内置Langchain工具：Langchain拥有大量内置工具，从互联网搜索和Arxiv工具包到Zapier和雅虎财经。在这个简单的教程中，我们将尝试使用 Tavily 提供的互联网搜索：

from langchain.utilities.tavily_search import TavilySearchAPIWrapper
from langchain.tools.tavily_search import TavilySearchResults

search = TavilySearchAPIWrapper()
tavily_tool = TavilySearchResults(api_wrapper=search)

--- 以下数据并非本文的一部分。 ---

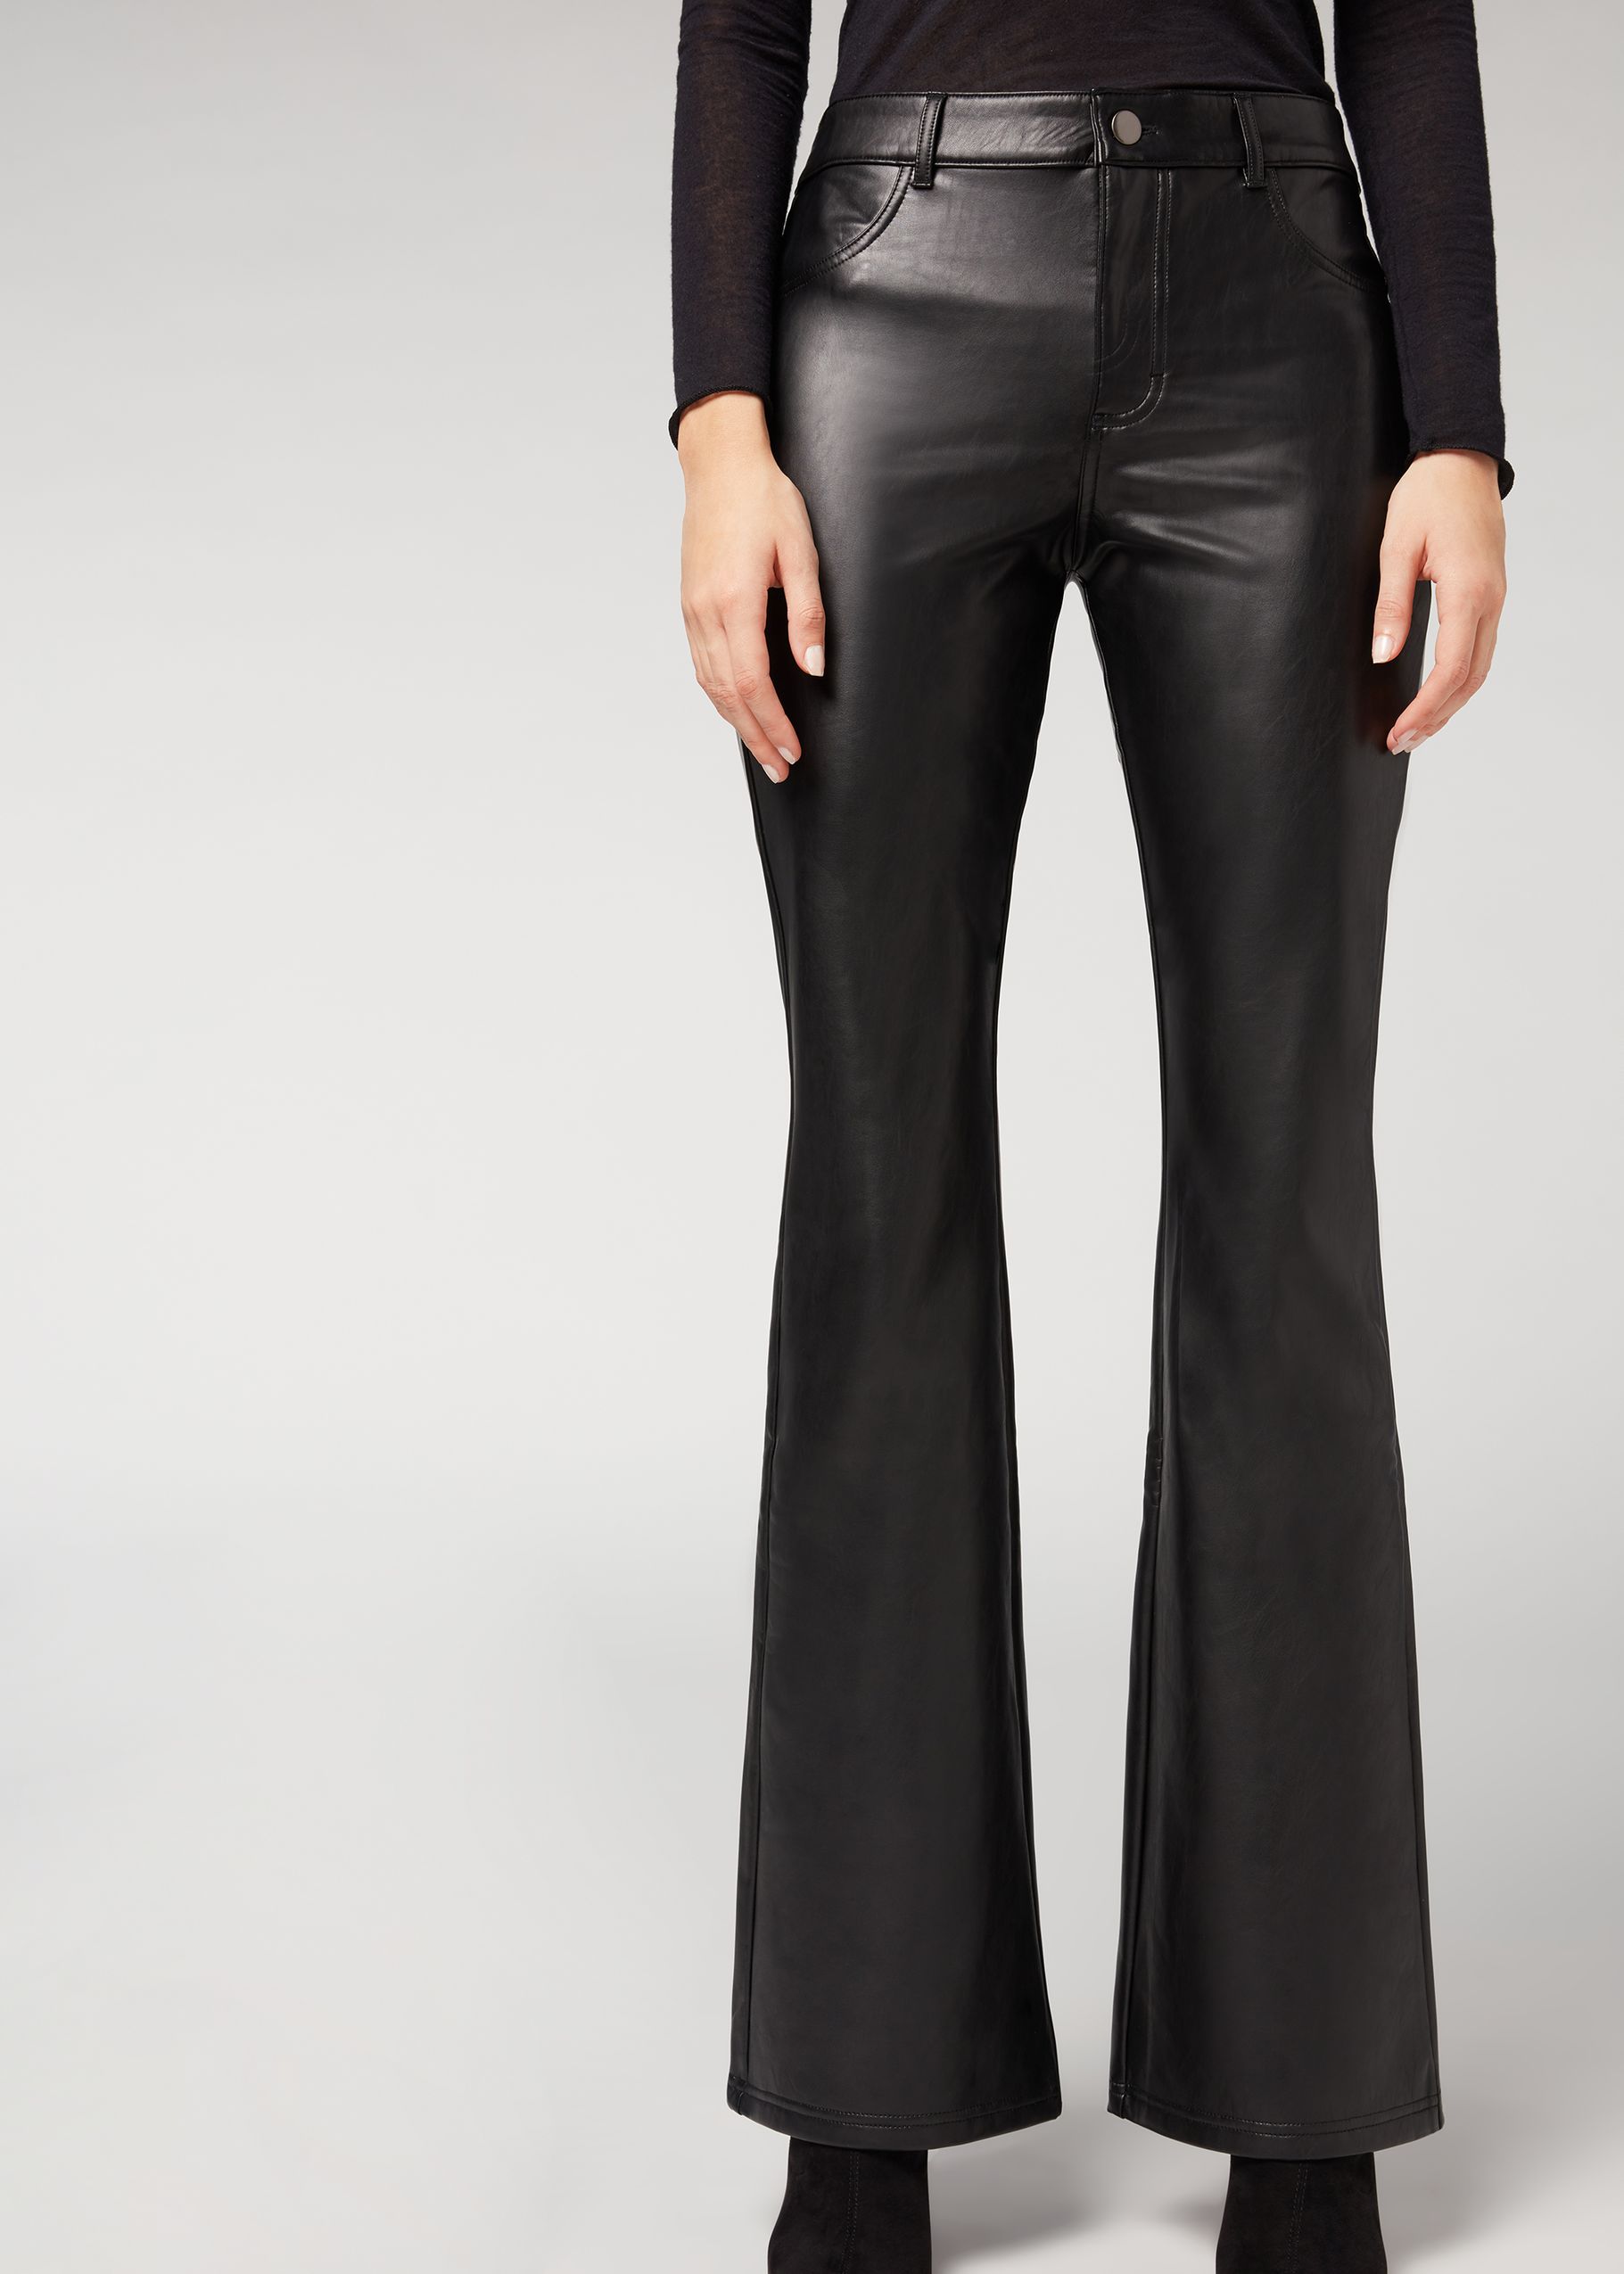 Leather Effect Thermal Flare Leggings - Calzedonia | Calzedonia US

llm = ChatOpenAI(model_name="gpt-3.5-turbo", temperature=0.0)
agent_chain = initialize_agent(
[retriever_tool, tavily_tool],
llm,
agent=AgentType.STRUCTURED_CHAT_ZERO_SHOT_REACT_DESCRIPTION,
verbose=True,
)

自定义工具：定义自己的工具也非常容易。让我们剖析一个计算字符串长度的工具的简单示例。您需要使用装饰器来让 Langchain 知道它。然后，不要忘记输入和输出的类型。但最重要的部分是函数注释 - 这是您的代理如何知道这个工具的作用，并将此描述与其他工具的描述进行比较：@tool""" """

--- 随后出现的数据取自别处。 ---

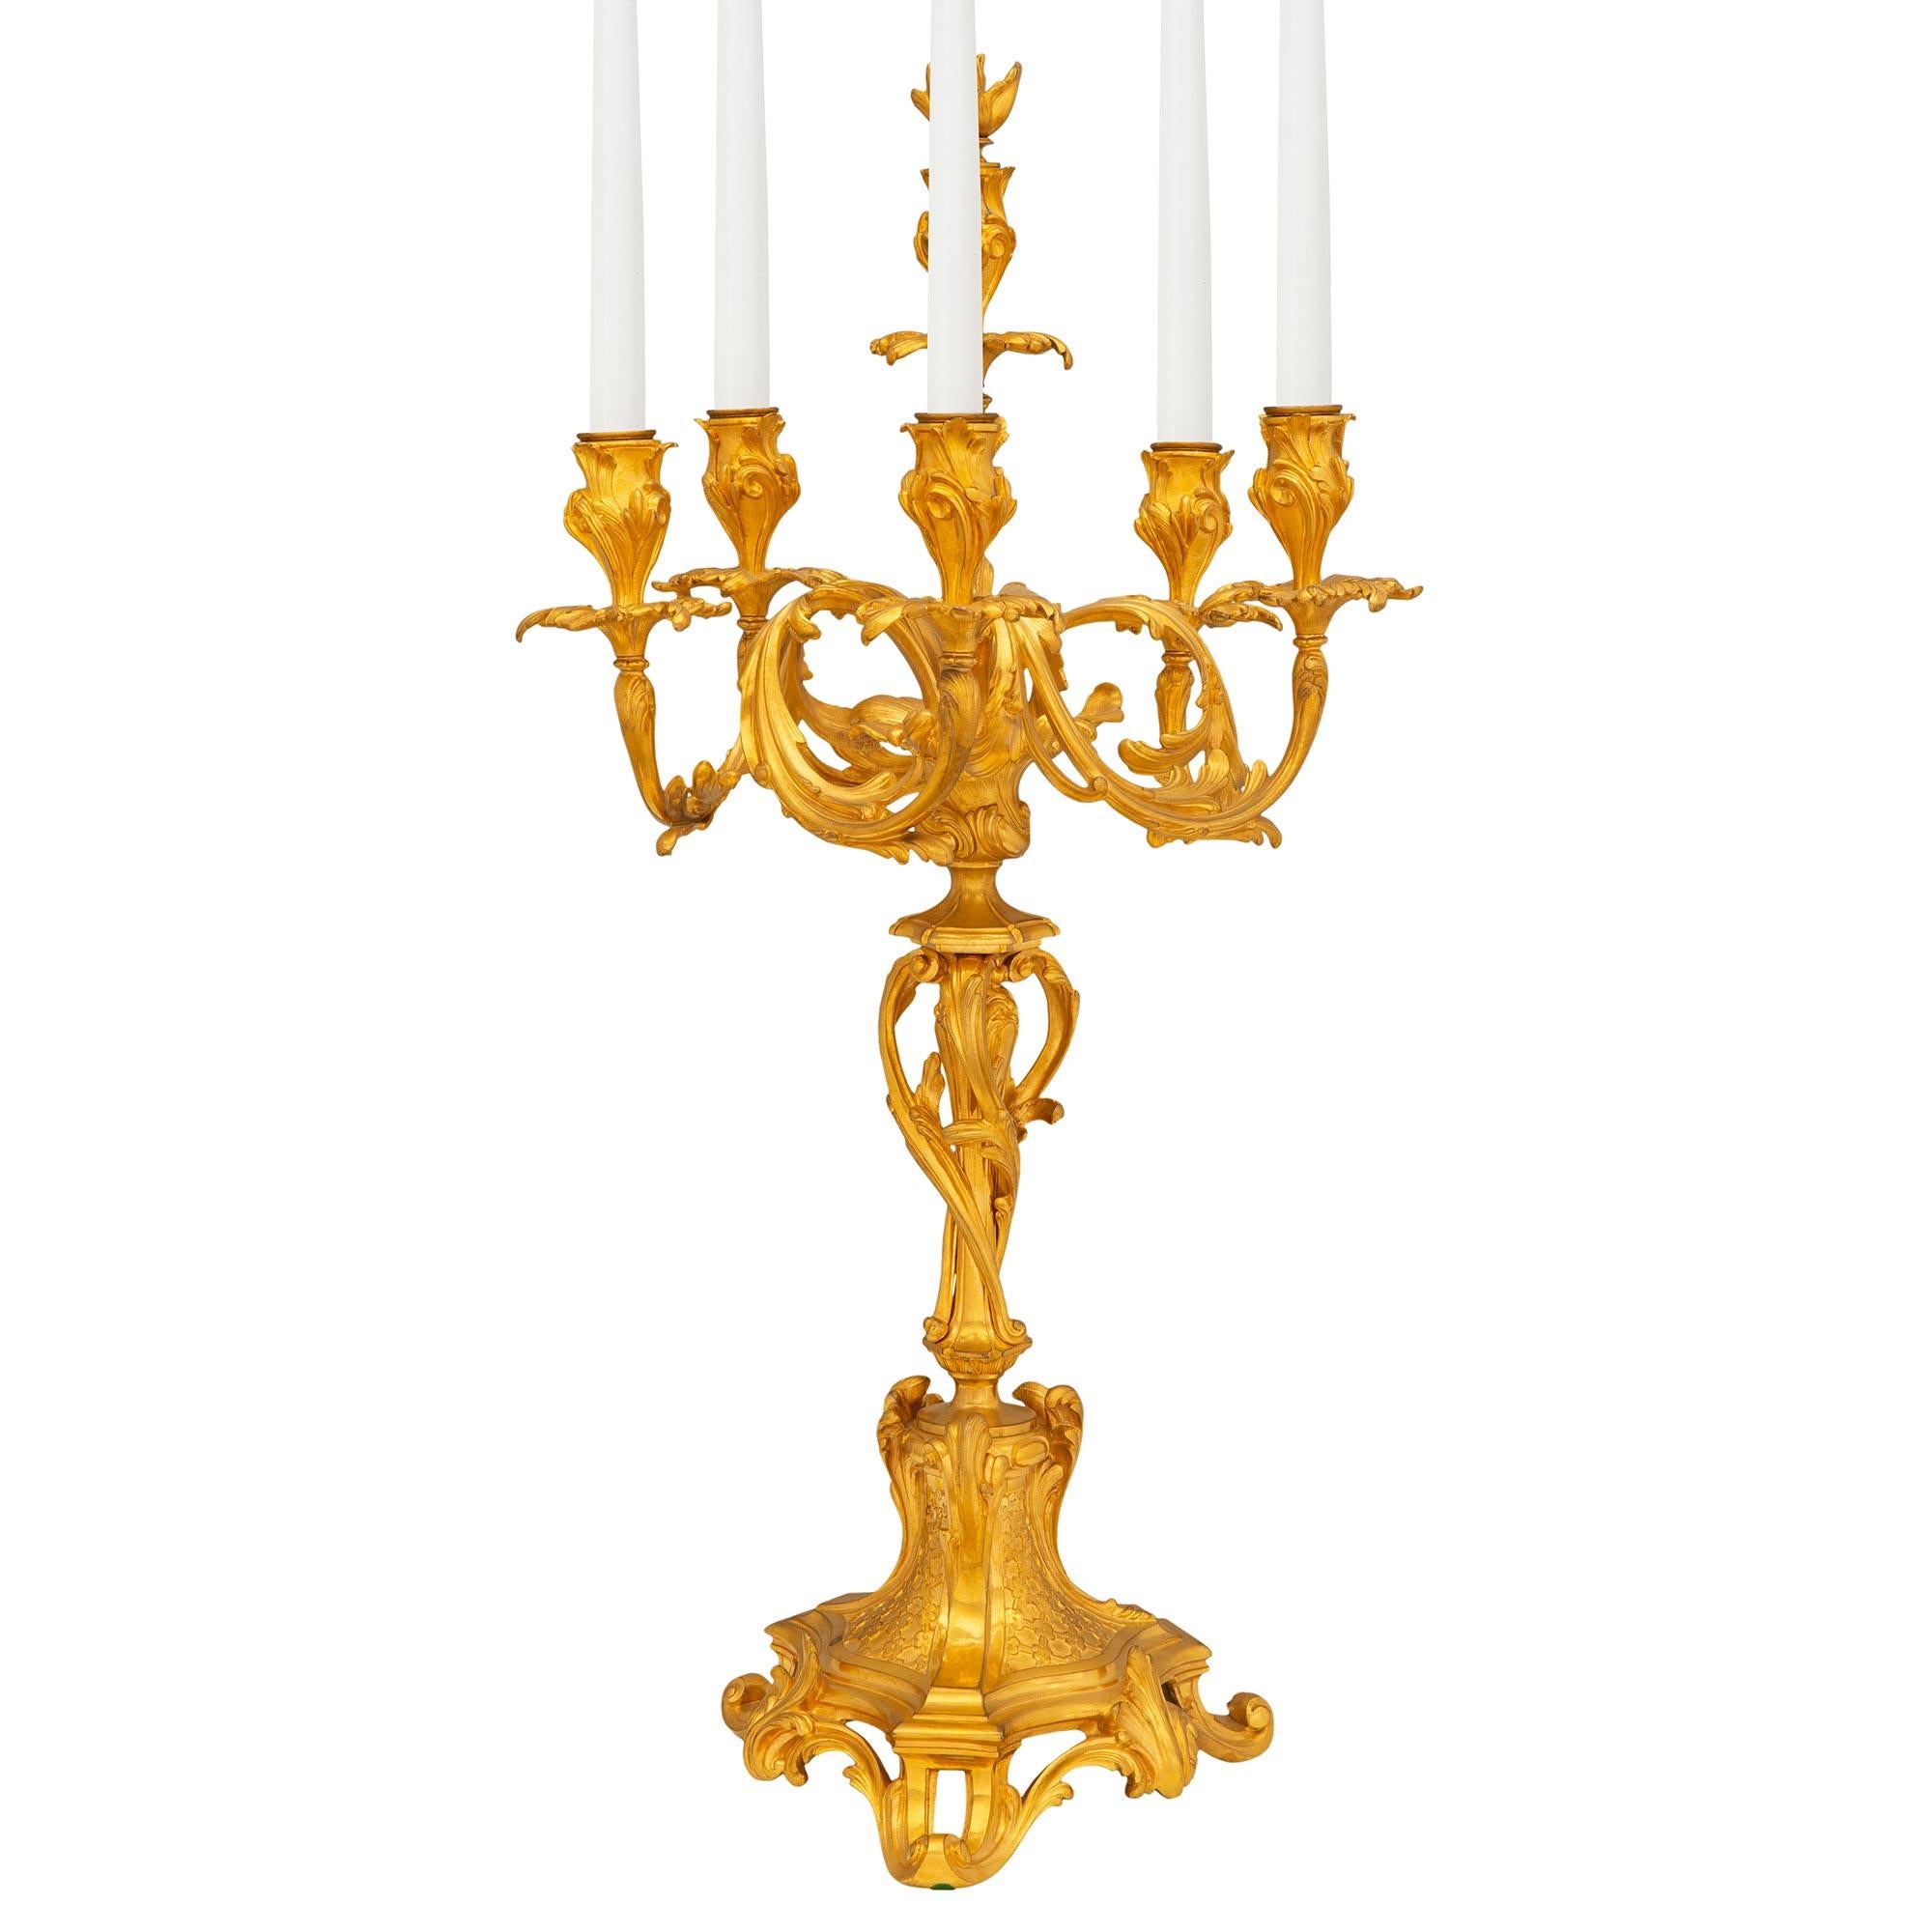 A striking and high quality pair of French 19th century Louis XV st. ormolu candelabras. Each six arm candelabra is raised by a beautiful pierced base with a scalloped triangular shape, fine scrolled foliate feet, beautiful central leaf and

from langchain.pydantic_v1 import BaseModel, Field
from langchain.tools import BaseTool, StructuredTool, tool

@tool
def calculate_length_tool(a: str) -> int:
"""The function calculates the length of the input string."""
return len(a)

llm = ChatOpenAI(model_name="gpt-3.5-turbo", temperature=0.0)
agent_chain = initialize_agent(
[retriever_tool, tavily_tool, calculate_length_tool],
llm,
agent=AgentType.ZERO_SHOT_REACT_DESCRIPTION,
verbose=True,
)

你可以在这个脚本中找到它如何工作的示例，但你也可以看到一个错误——它没有提取 Neurons Lab 公司的正确描述，尽管调用了正确的长度计算自定义函数，但最终结果是错误的。让我们尝试修复它！

第 4 步：齐心协力

我提供了一个干净的版本，在这个脚本中将所有架构部分组合在一起。请注意，我们如何轻松地分别分解和定义：

各种工具（搜索、自定义工具等）
各种记忆（感官作为提示，短期作为可运行的消息历史记录，作为提示中的画板，长期作为从向量数据库中检索）
任何类型的计划策略（作为从 LLMOps 系统提取的提示的一部分）

代理的最终定义将如下所示：

llm = ChatOpenAI(model="gpt-3.5-turbo", temperature=0)
agent = create_openai_functions_agent(llm, tools, prompt)
agent_executor = AgentExecutor(agent=agent, tools=tools, verbose=True)
agent_with_chat_history = RunnableWithMessageHistory(
agent_executor,
lambda session_id: message_history,
input_messages_key="input",
history_messages_key="chat_history",
)

正如您在脚本的输出中看到的（或者您可以自己运行它），它解决了上一部分中与工具相关的问题。发生了什么变化？我们定义了一个完整的架构，其中短期记忆起着至关重要的作用。我们的代理获得了消息历史记录和画板作为推理结构的一部分，这使得它能够提取正确的网站描述并计算其长度。